18.- Relatos y leyendas de Tierra Caliente, El zopilote y los bandidos de Malpaso. Viliulfo Gaspar Avellaneda (1942). No diré nada del Viliulfo editor, tampoco del Viliulfo promotor de la lectura. Nada más diré que en la edad en que muchos piensan en el retiro o que ya no hay en sus vidas empresas posibles, él ha recogido la tradición oral de su padre y de su gente, la suya propia, inspirada en la plática de buen nivel, y nos la ha entregado en páginas de rica prosa en estos libros.
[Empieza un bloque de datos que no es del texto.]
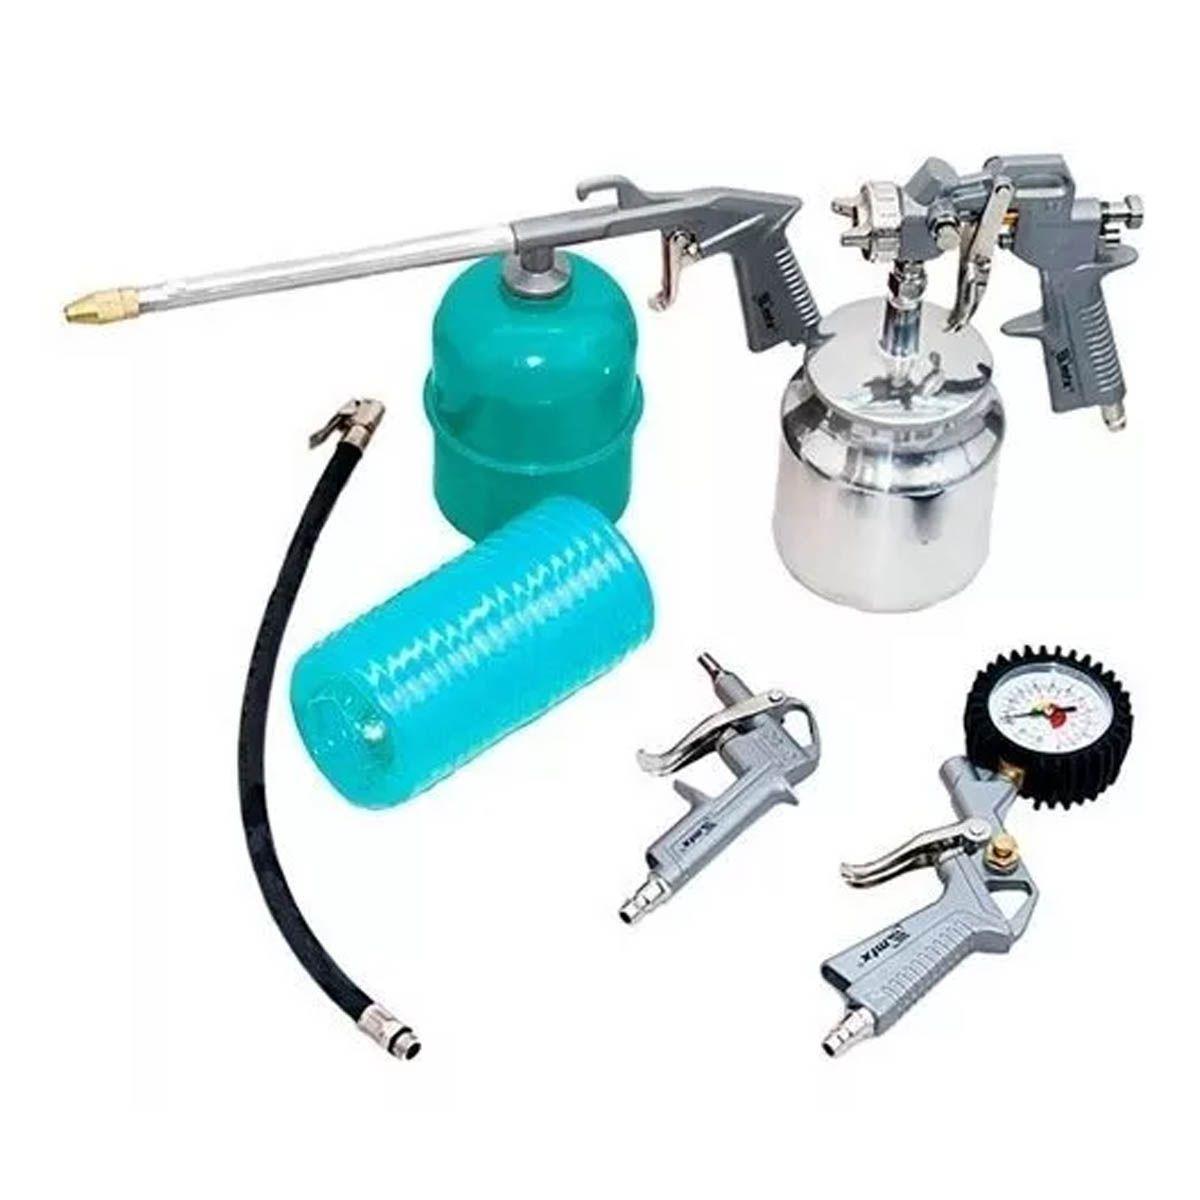 Kit Pintura Pneumático Compressor Stels Tanque Baixo

19.- La Celestina. Fernando de Rojas (¿1470?-1541). Río con las voces mascullantes de Sempronio y Pármeno. Y me lamento no haber conocido a una Celestina a los diecinueve años para contar con su sapiencia y favores.
20.- Las batallas en el desierto. José Emilio Pacheco (1939). Su prosa es un guiño para empezar a leer su poesía. Del grupo de los alumnos de Arreola, él es uno de los que tienen una obra perdurable, igual que su maestro. Sabio y humilde, cuenta sin reticencias que sus primeros cuentos disgustaron a Arreola. En los setenta era un talento prometedor. En los ochenta ya era un autor digno de releerse.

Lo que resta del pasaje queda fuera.